● Records for the task:

-------------------------

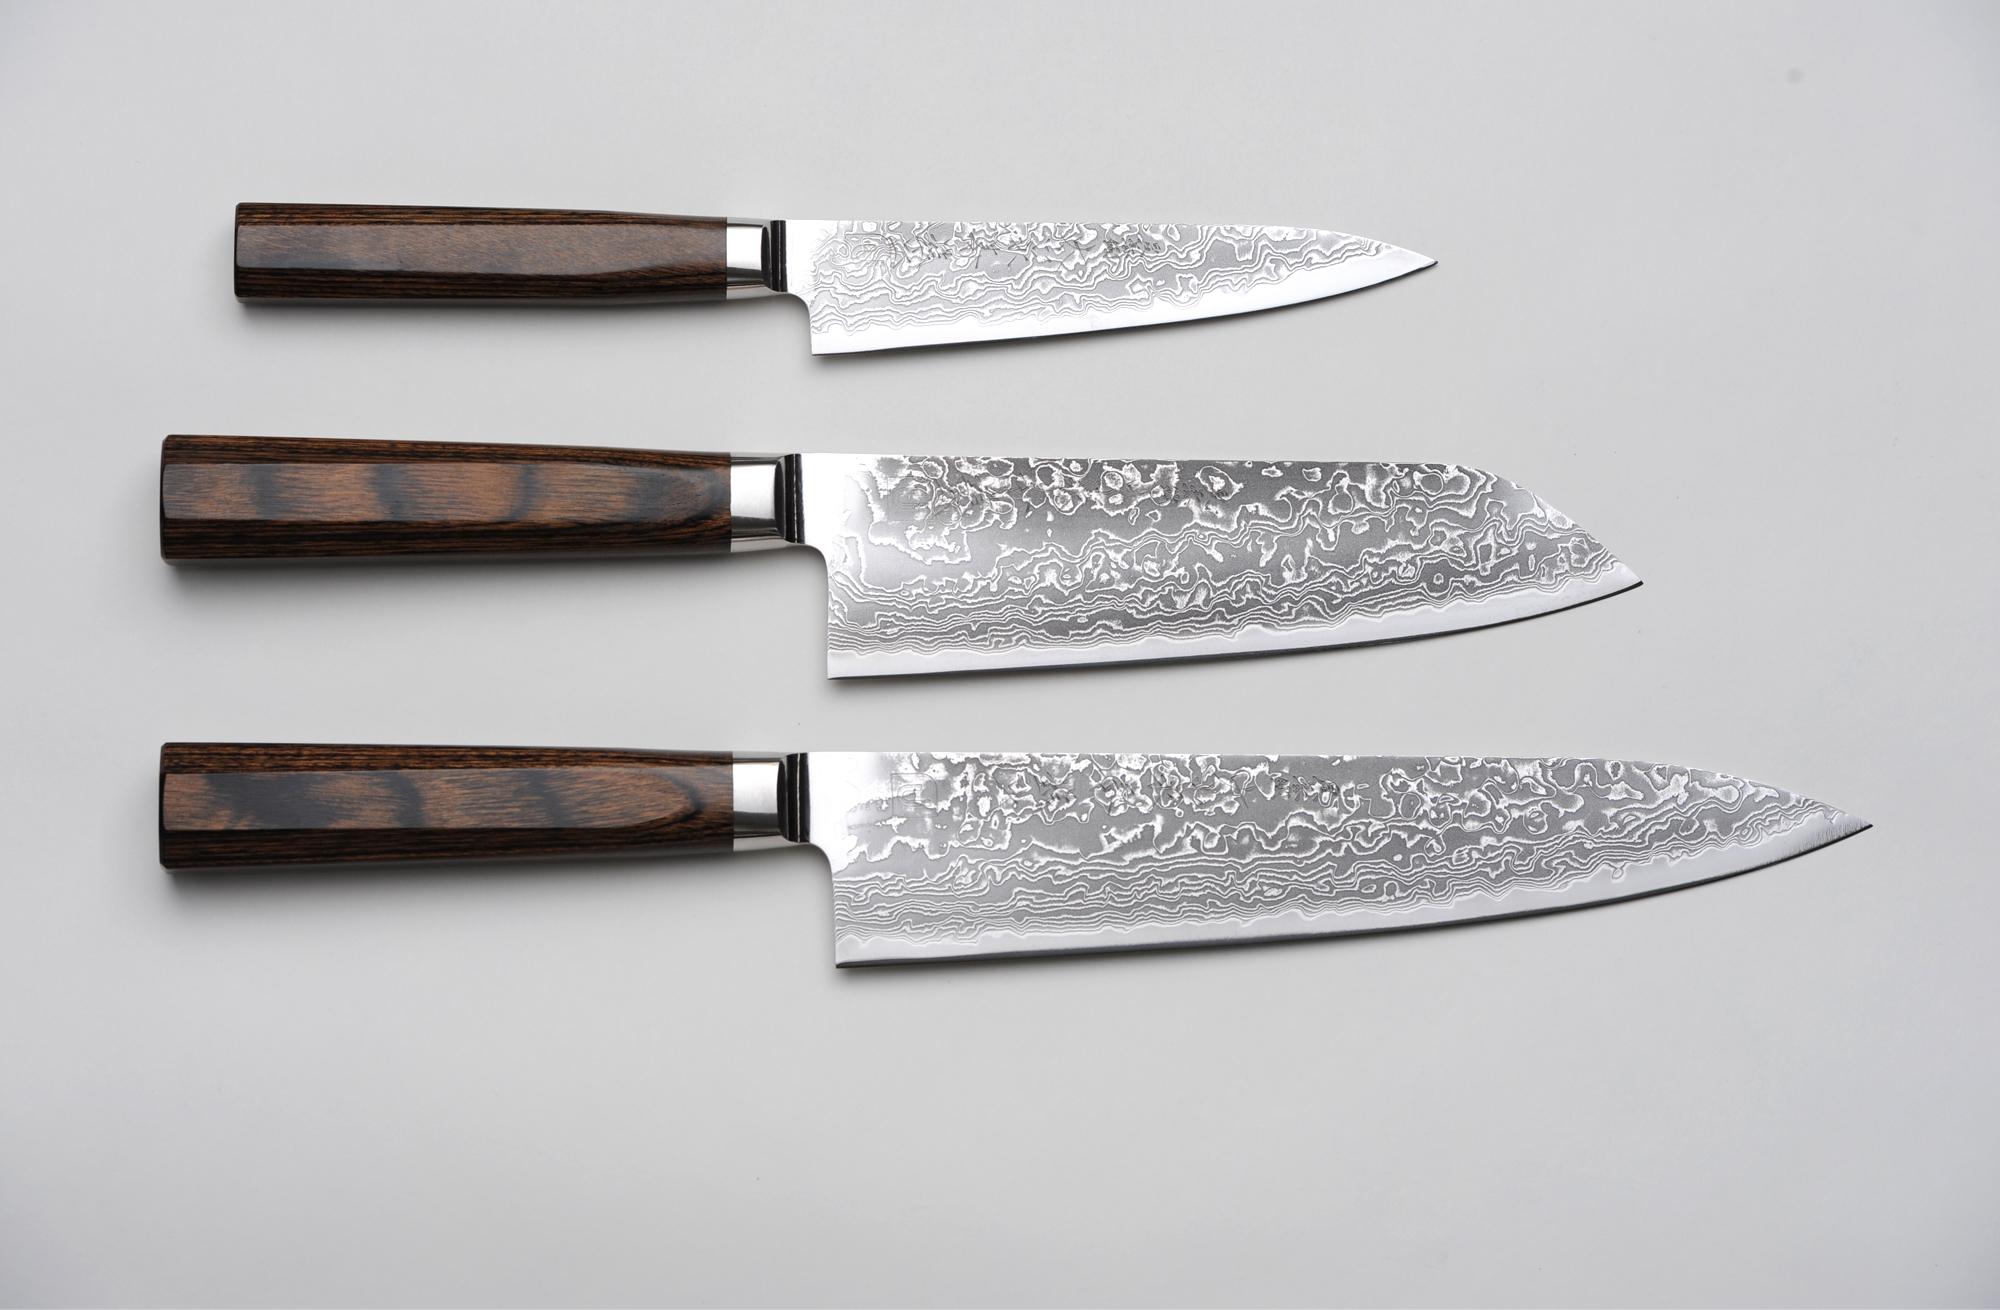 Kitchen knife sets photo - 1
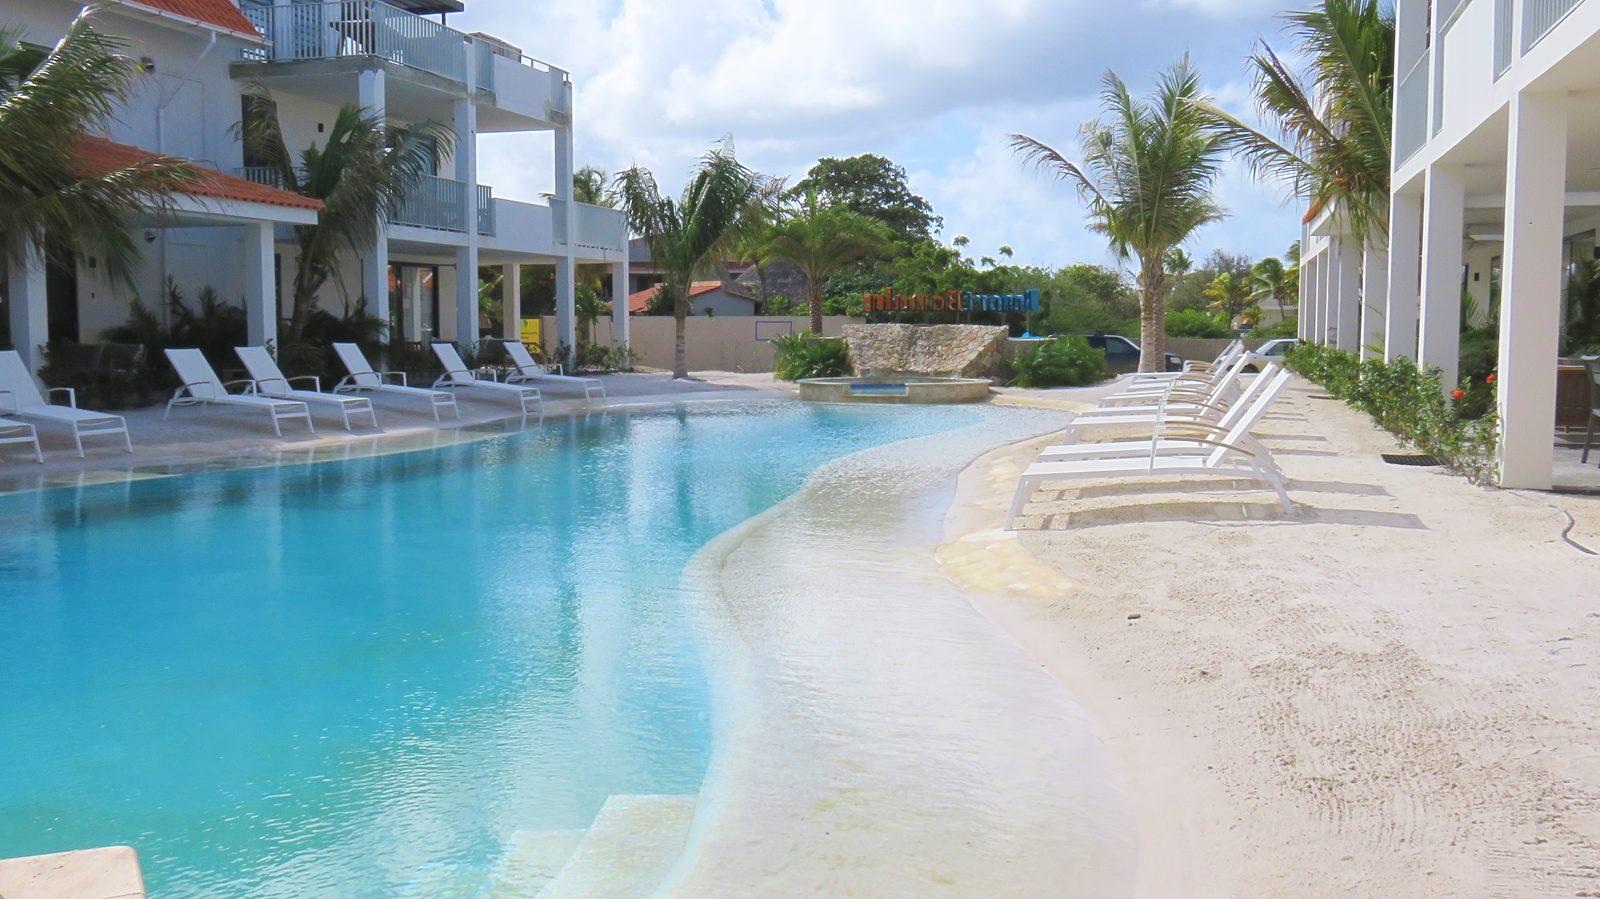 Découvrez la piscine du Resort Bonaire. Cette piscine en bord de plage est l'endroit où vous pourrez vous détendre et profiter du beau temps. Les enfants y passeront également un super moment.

-------------------------

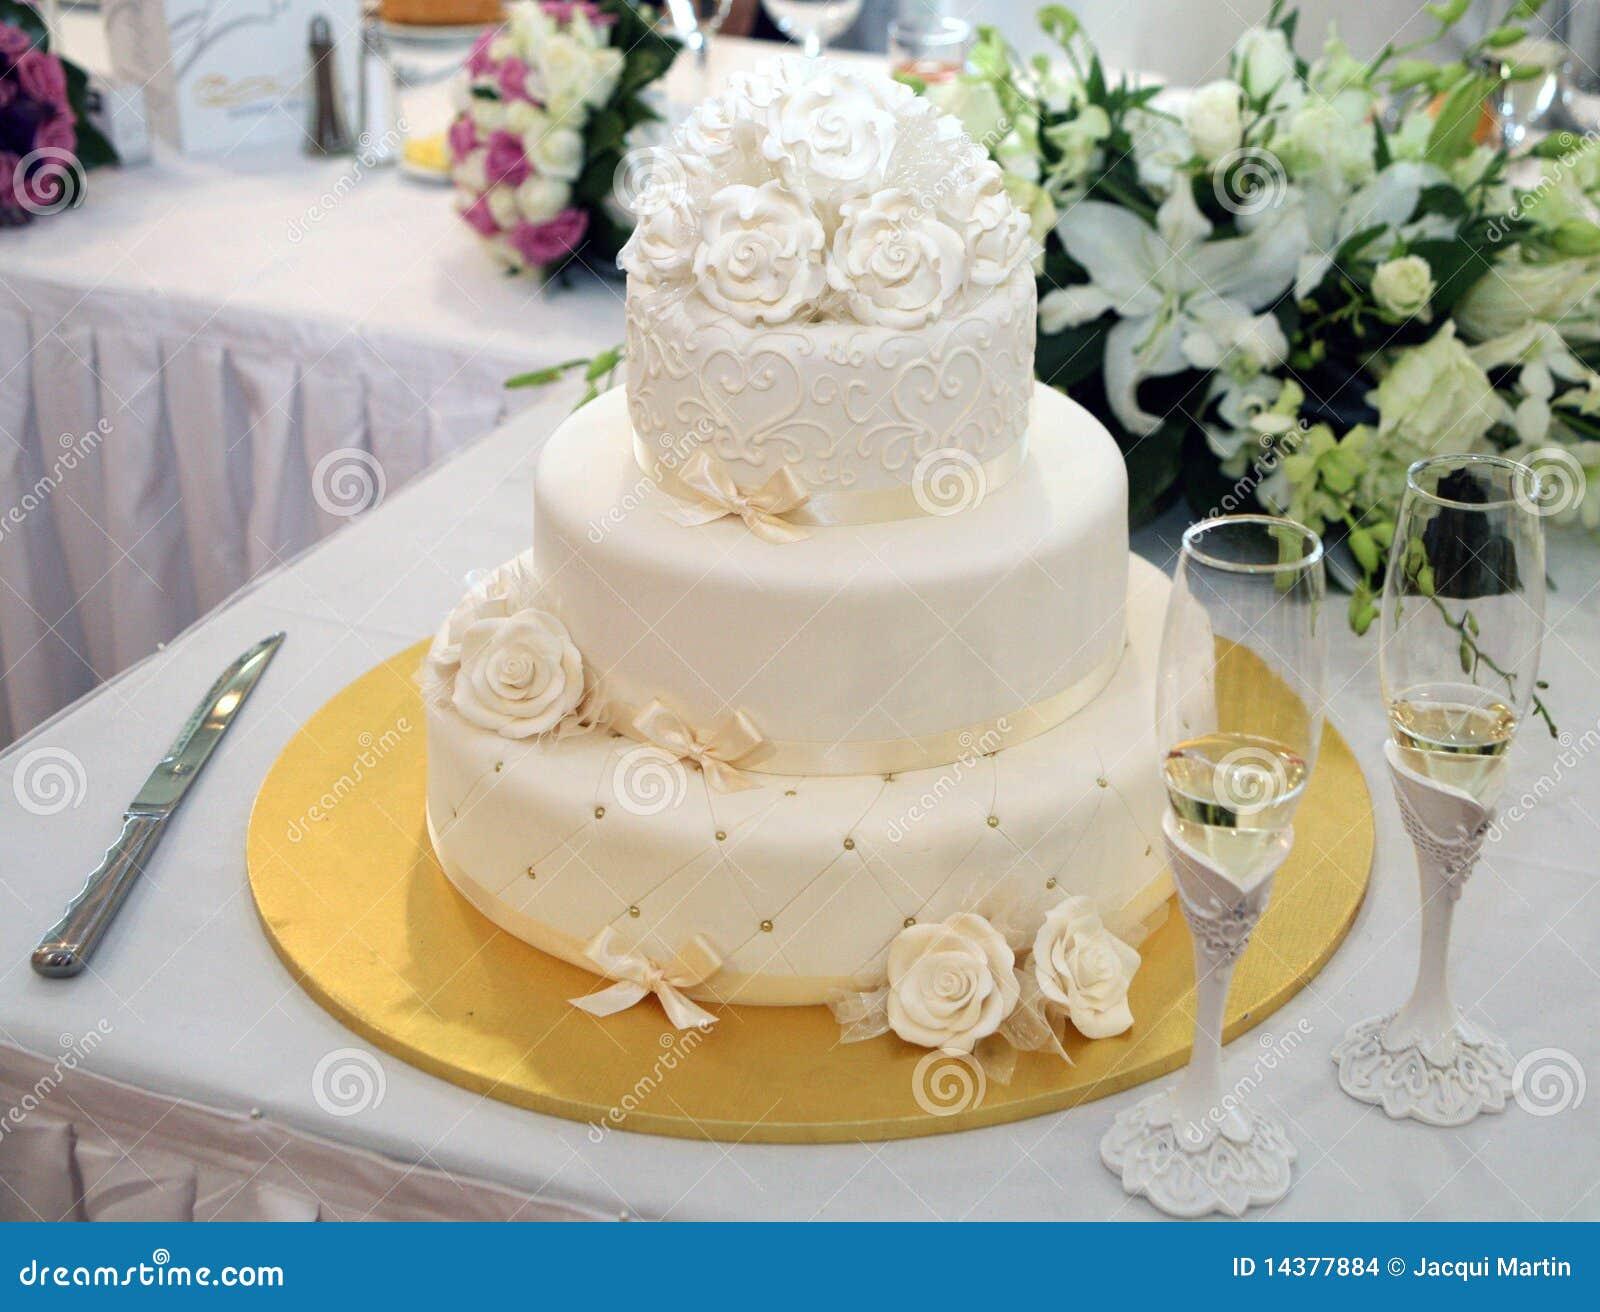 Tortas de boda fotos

-------------------------

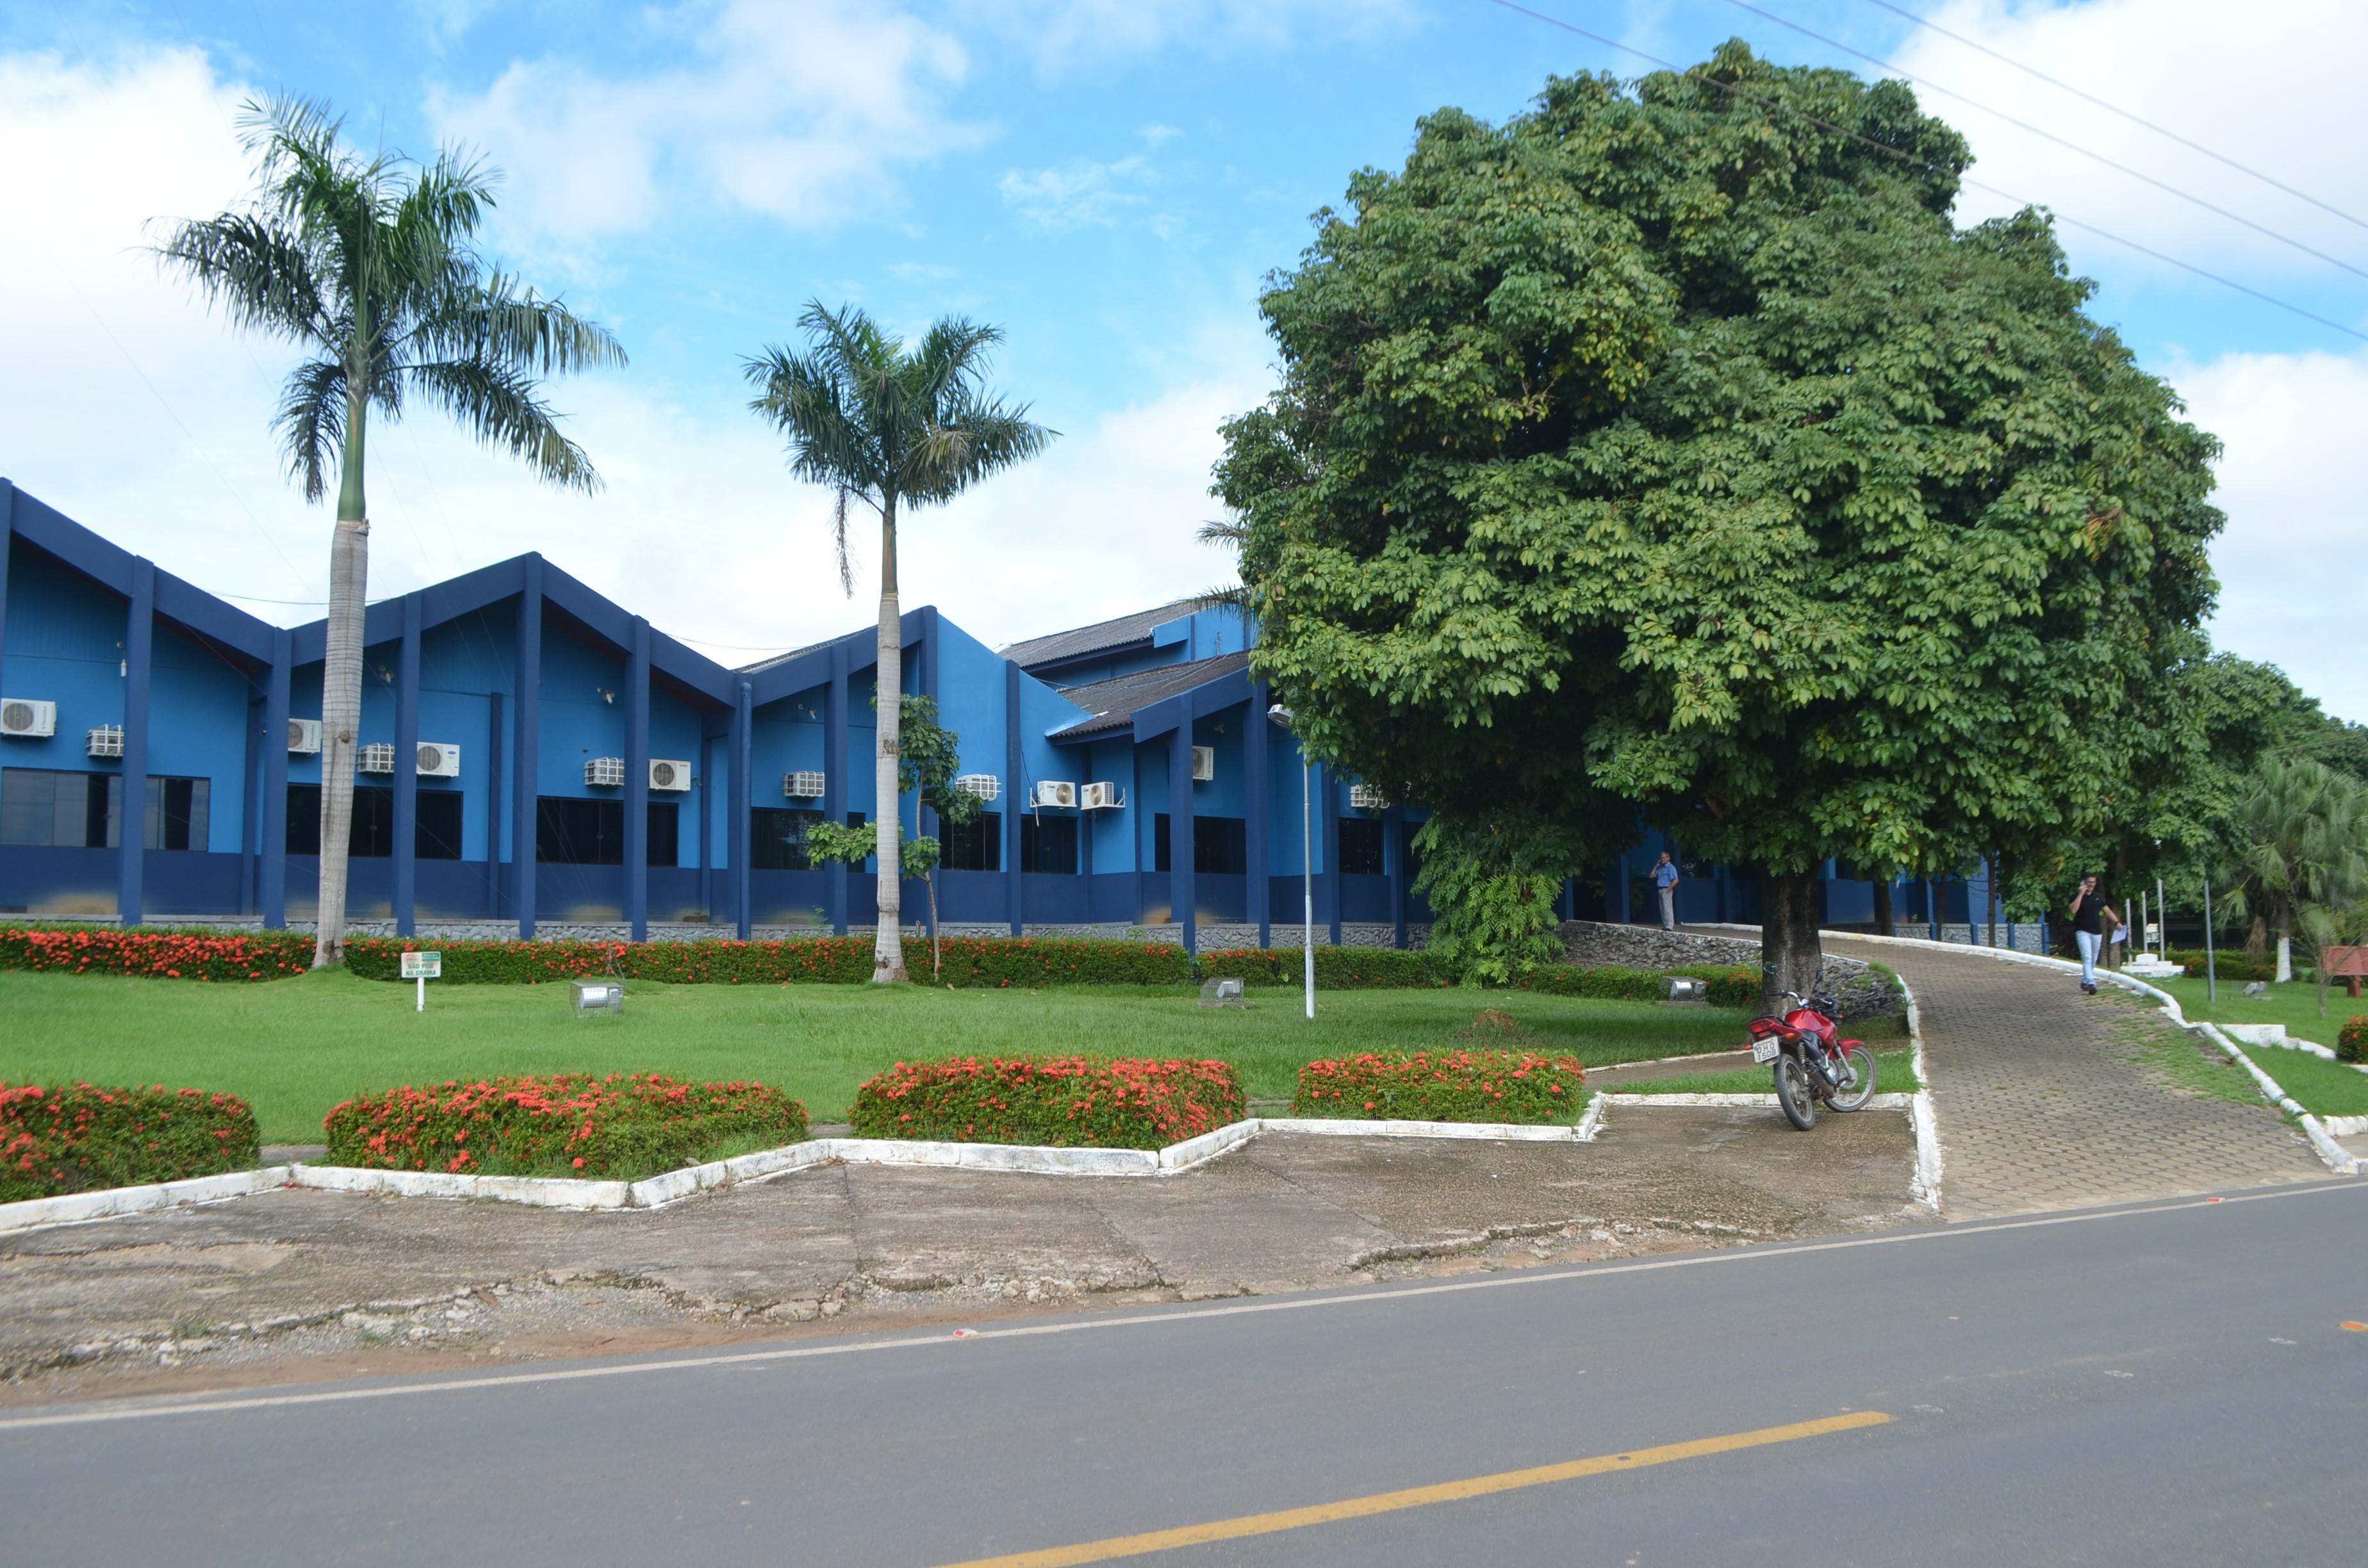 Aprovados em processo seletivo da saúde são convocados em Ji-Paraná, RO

-------------------------

● Aim of the exercise:
Transcribe, word for word, the lines of the listing above from the one that contains "Kitchen knife sets photo - 1" through the one that contains "Découvrez la piscine", keeping both ends and dropping the pictures.

● Problem solution:
 Kitchen knife sets photo - 1
 Découvrez la piscine du Resort Bonaire. Cette piscine en bord de plage est l'endroit où vous pourrez vous détendre et profiter du beau temps. Les enfants y passeront également un super moment.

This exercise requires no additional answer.